Безопасность контейнеров в AKS, включенная Azure Arc
Область применения: AKS в Azure Stack HCI 22H2, AKS на Windows Server
В этой статье описаны различные методы для защиты контейнеров, используемых для упаковки и развертывания приложений, и предотвращения уязвимостей безопасности в AKS, включенных Azure Arc.
Контейнеры обеспечивают операционные и преимущества безопасности, так как приложения и службы отделены в среде. Контейнеры также помогают снизить влияние сбоев на уровне системы из-за их абстракции, что обеспечивает время простоя и предотвращает атаки, которые могут компрометировать приложения или службы.

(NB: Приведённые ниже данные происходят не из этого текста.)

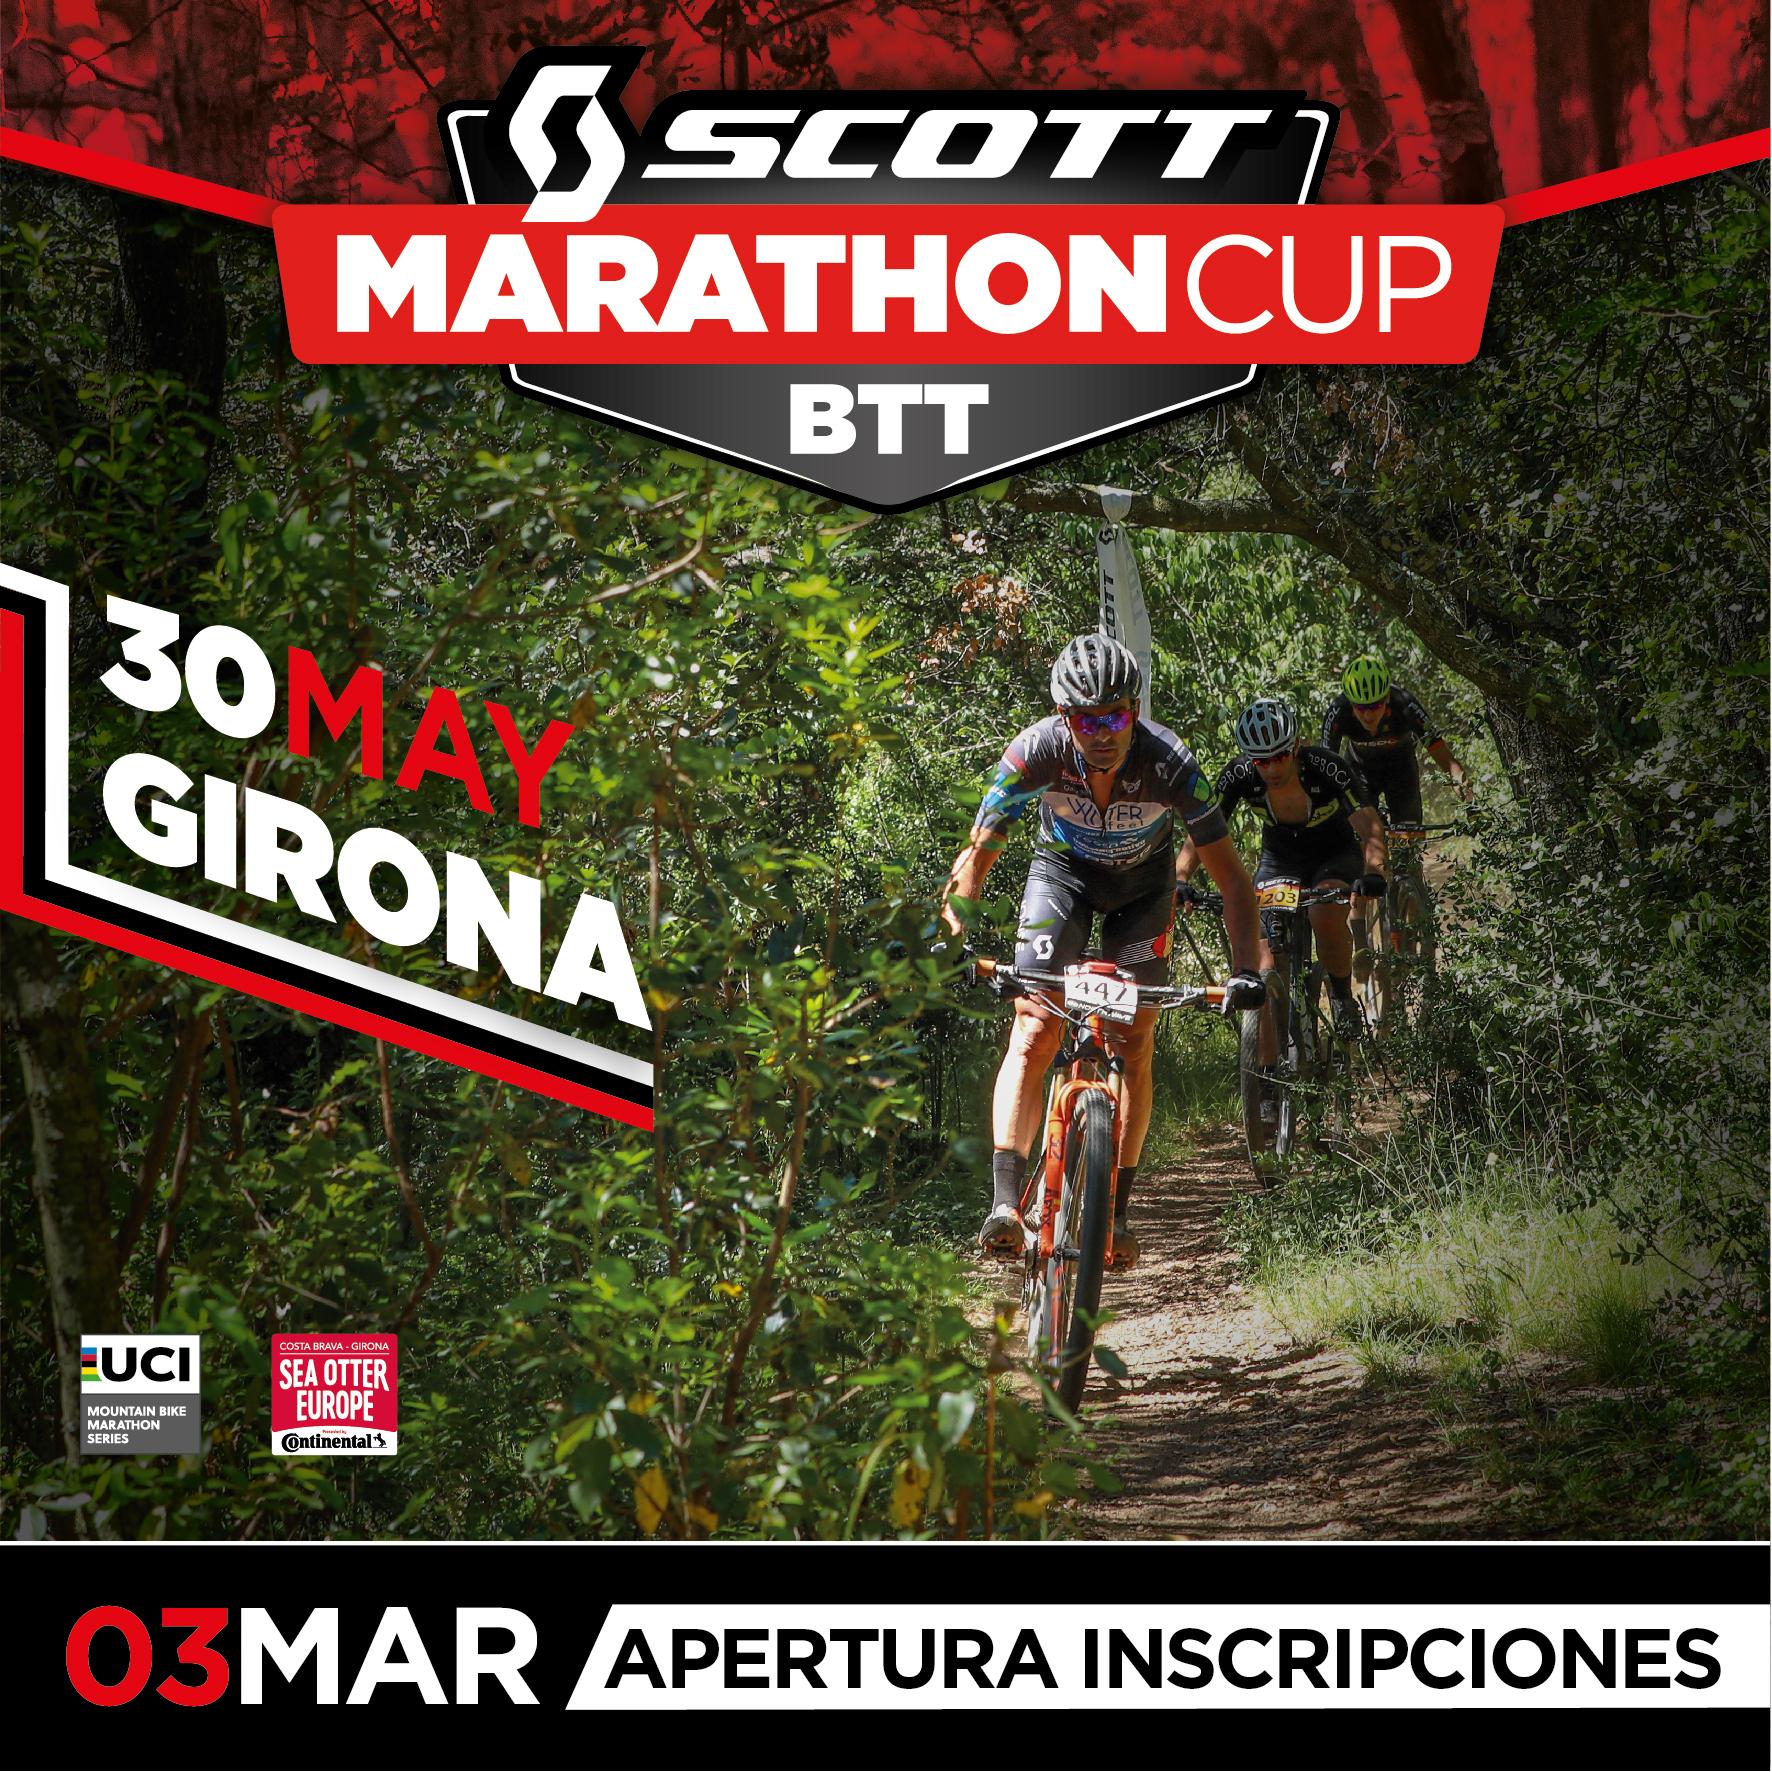 La Scott Marathon Cup de Girona abre inscripciones el 3 de marzo

Контейнеры обычно выполняются на абстрактном слое поверх операционной системы узла, а абстракция предлагает некоторые барьеры разделения и возможность применения многоуровневой модели защиты.
Вы также можете настроить непрерывную безопасность контейнеров, за счет защиты конвейера контейнеров, приложения и среды развертывания контейнеров. В следующих разделах описаны некоторые рекомендации по реализации безопасности контейнеров.
Безопасные образы
Чтобы предотвратить несанкционированный доступ, разместите образы в защищенном и доверенном реестре. Образы должны иметь сертификат TLS с доверенным корневым ЦС, а реестр должен использовать управление доступом на основе ролей (RBAC) с строгой проверкой подлинности. При проектировании CI/CD для сборки и доставки контейнера следует включить решение для сканирования изображений. Решение для сканирования изображений помогает выявлять распространенные уязвимости и уязвимости (CVEs) и гарантирует, что эксплойтируемые образы не развертываются без исправления.
Среда узла harden
Важным аспектом безопасности контейнеров является необходимость обеспечения безопасности систем, на которых выполняются контейнеры, и способ их работы во время выполнения. Безопасность контейнеров должна сосредоточиться на всем стеке, включая узел и управляющей программы. Необходимо удалить службы из узла, которые являются некритичными, и не следует развертывать несоответствующие контейнеры в среде. Таким образом, доступ к узлу может происходить только через контейнеры, а управление централизовано в управляющей программе контейнера, удалив узел из области атаки. Эти действия особенно полезны при использовании прокси-серверов для доступа к контейнерам, что может случайно обойти элементы управления безопасностью контейнера.
Ограничение ресурсов контейнера
При компрометации контейнера злоумышленники могут попытаться использовать базовые ресурсы узла для выполнения вредоносных действий. Рекомендуется задать ограничения на использование памяти и ЦП, чтобы свести к минимуму влияние нарушений.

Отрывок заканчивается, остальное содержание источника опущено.